"Just as soon as I had time," Jill Ker Conway pledged years ago, "I'd try to write a lively picture of the way a woman's mind developed and how her intellectual vocation is formed."
Readers first caught a glimpse of that lively picture in The Road from Coorain, the story of a bright, strong girl's childhood on a remote Australian sheep farm (Jill was seven before she first saw another girl child); then subsequently her adolescence, navigating family tragedy and educational challenges with her brothers and their widowed mother in Sydney. True North rejoined Jill's life as she embarked on graduate studies at Harvard, then followed her Canadian husband to an academic career in Toronto - until 1975, when Smith College in Northampton, Massachusetts, recruited Conway to redefine and redesign the distinguished 100-year-old institution.
A Woman's Education recounts Conway's ten-year term as Smith's first woman president, boldly applying her lifetime's scholarship and passion to juggle the concerns of students, parents, faculty, and alumnae. As one Ivy League school after another went coeducational, Smith resolutely maintained its independence, reinventing itself under Conway's leadership to create academic programs in line with the new realities of women's lives. On campus, the irrepressible enthusiasm of Smith's student body energized her efforts; at home, her husband's manic depression grew worse by the year.

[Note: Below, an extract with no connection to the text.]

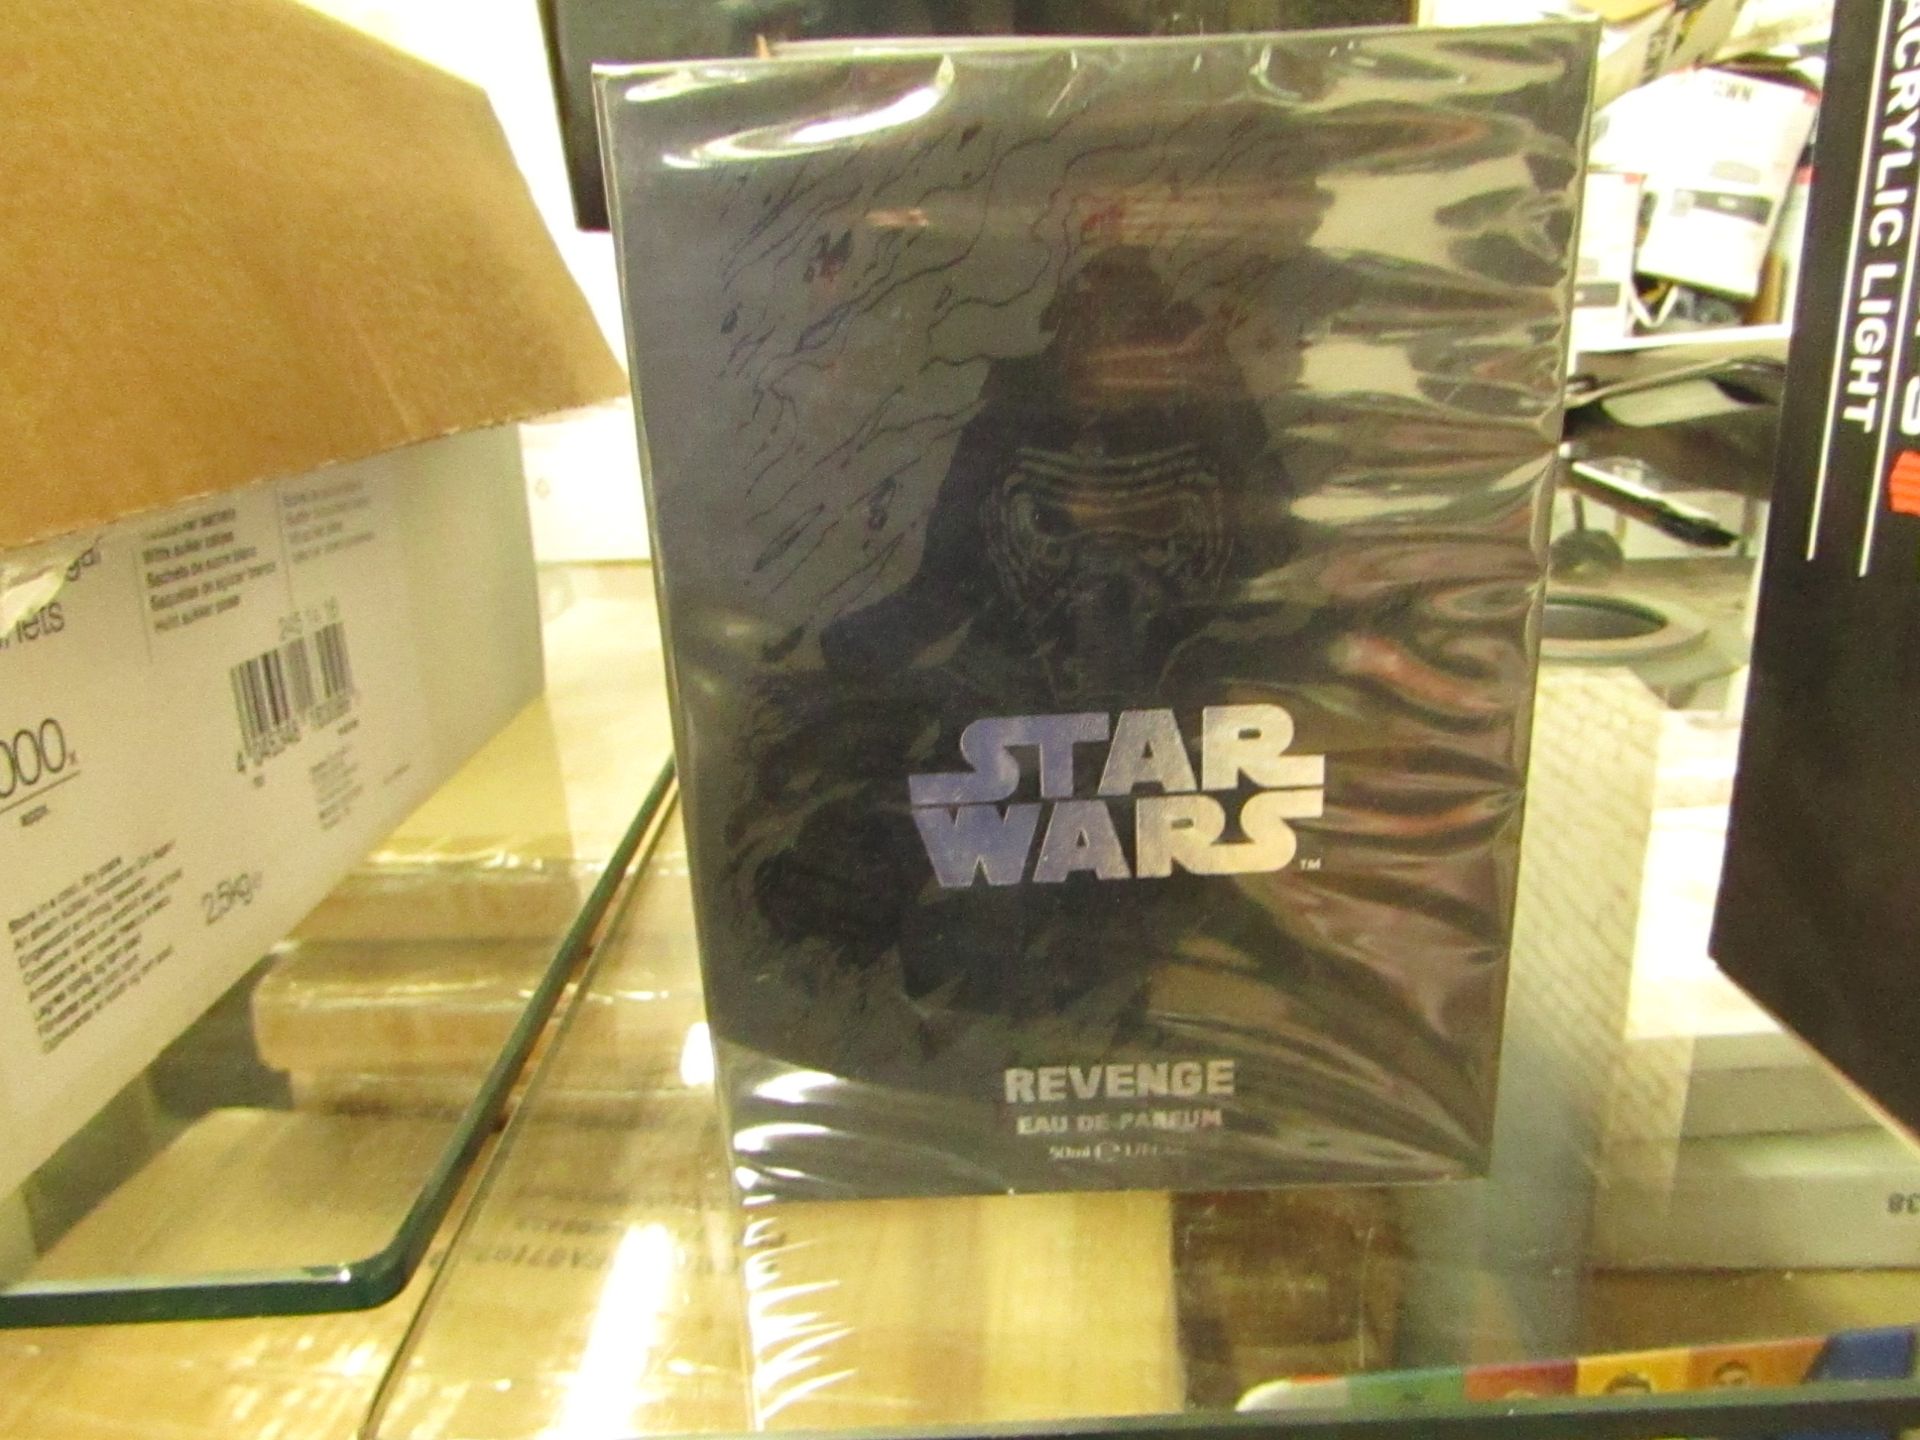 Star Wars Revenge Eau De Parfum 50ml. New & Packaged

"Her path as President of Smith College gives us an insider's view not only of the institutional side," Justice Sandra Day O'Connor noted, "but the personal demands and their burdens. It is a fascinating and important story."
Dave: Always the first question people ask when I tell them about your new book is, "How could Smith not have had a female president until 1975? Hasn't it always been a women's school?"
Jill Ker Conway: It's always been a women's college. It's hard for people to believe today, but having a male president was thought of as being the guarantee you would have the most academically rigorous institute imaginable. It wasn't until the 1970s and the upsurge in the feminist movement that the trustees decided they must have a woman president. And there I was.
Dave: It seems like such a no-brainer now.
Conway: Places like Wellesley and Vassar had women presidents, but they always had a male chairman of the board and a male treasurer who ran the finances. At Smith, from about 1900 on, there was always a woman chairman of the board; the male president worked for a female board of trustees, pretty much. But the thing to realize is that there were always males in authority in these women's institutions.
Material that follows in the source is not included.